On shape reconstruction & analysis via synthetic stereo, handling missing parts cuts and holes.
- Ron Kimmel
Abstract
Geometry reconstruction, the recovering of geometric structures in 3D from 2D images, is a central challenge in computer vision. Stereo vision techniques, especially when applied to random-dot stereograms, underscore how crucial prior information is in resolving ambiguous depth cues and achieving reliable shape inference. At the other end, Gaussian Splatting offers a highly efficient representation for novel-view synthesis by modeling scenes as collections of 3D Gaussians. Yet, it remains difficult to extract coherent geometry directly from these representations. A pragmatic solution is to render stereo-image pairs from these Gaussian models, apply pre-trained stereo-matching networks to infer depth maps, and fuse these maps into realistic meshes yielding impressive reconstructions.

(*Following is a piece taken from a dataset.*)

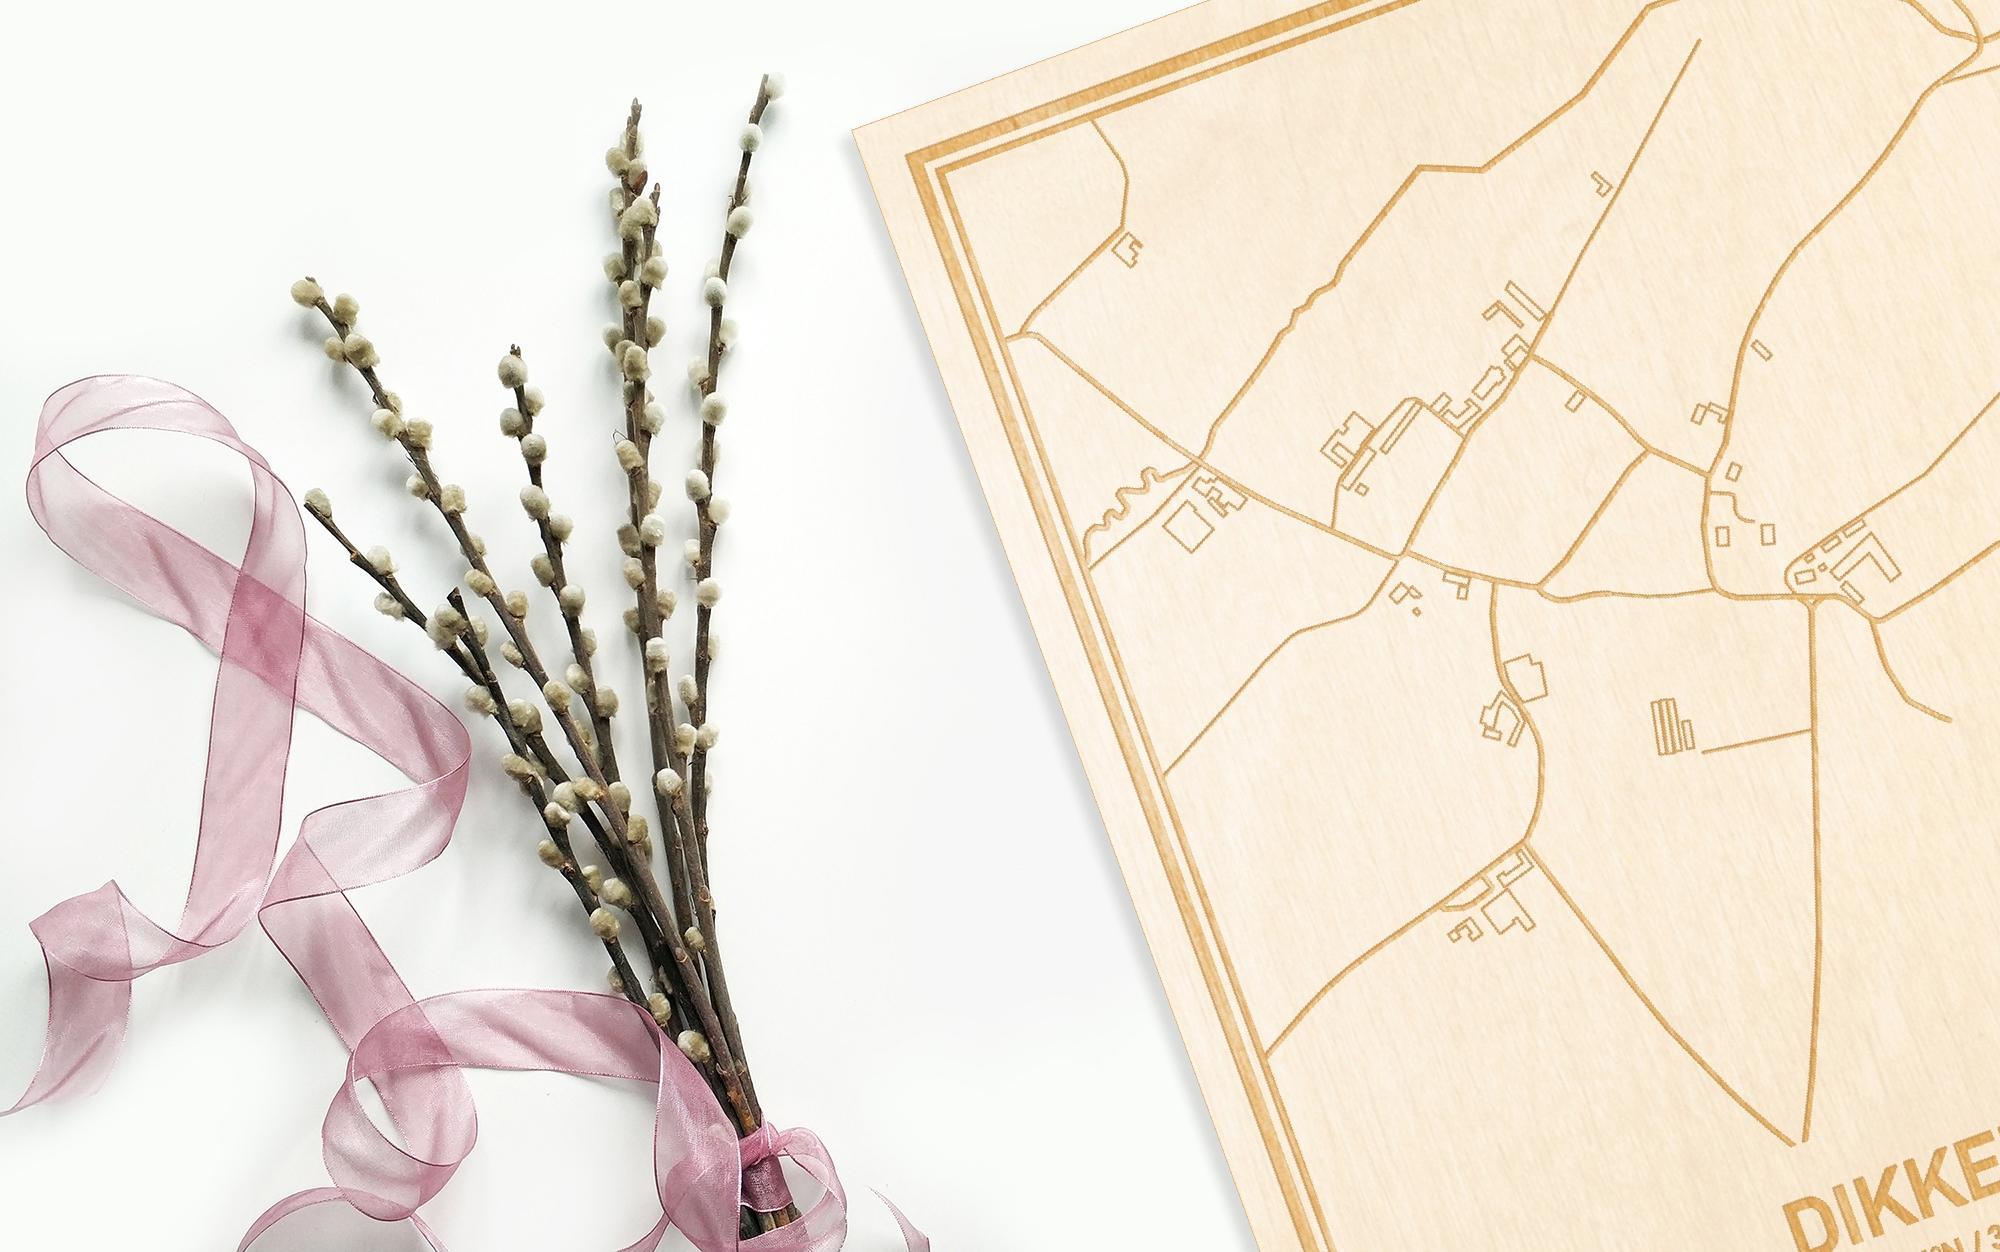 Hier ligt de houten plattegrond Dikkele naast een bloemetje als gepersonaliseerd cadeau voor haar.

Turning to partial shape matching, I will first revisit the Wormhole Loss framework, which offers a principled strategy by aligning manifold fragments using intrinsic and extrinsic cues, specifically geodesic distances and proximity to boundaries. Next, we’ll explore a spectral matching approach, first introduced by Rampini et al.. The method encodes partiality masks within Hamiltonian operators, then, aligns correspondences by matching operator spectra, yielding a robust solution for partial matching.
These advances offer a leap in both full-surface reconstruction via efficient Gaussian-based pipelines and partial-shape matching using spectral geometry.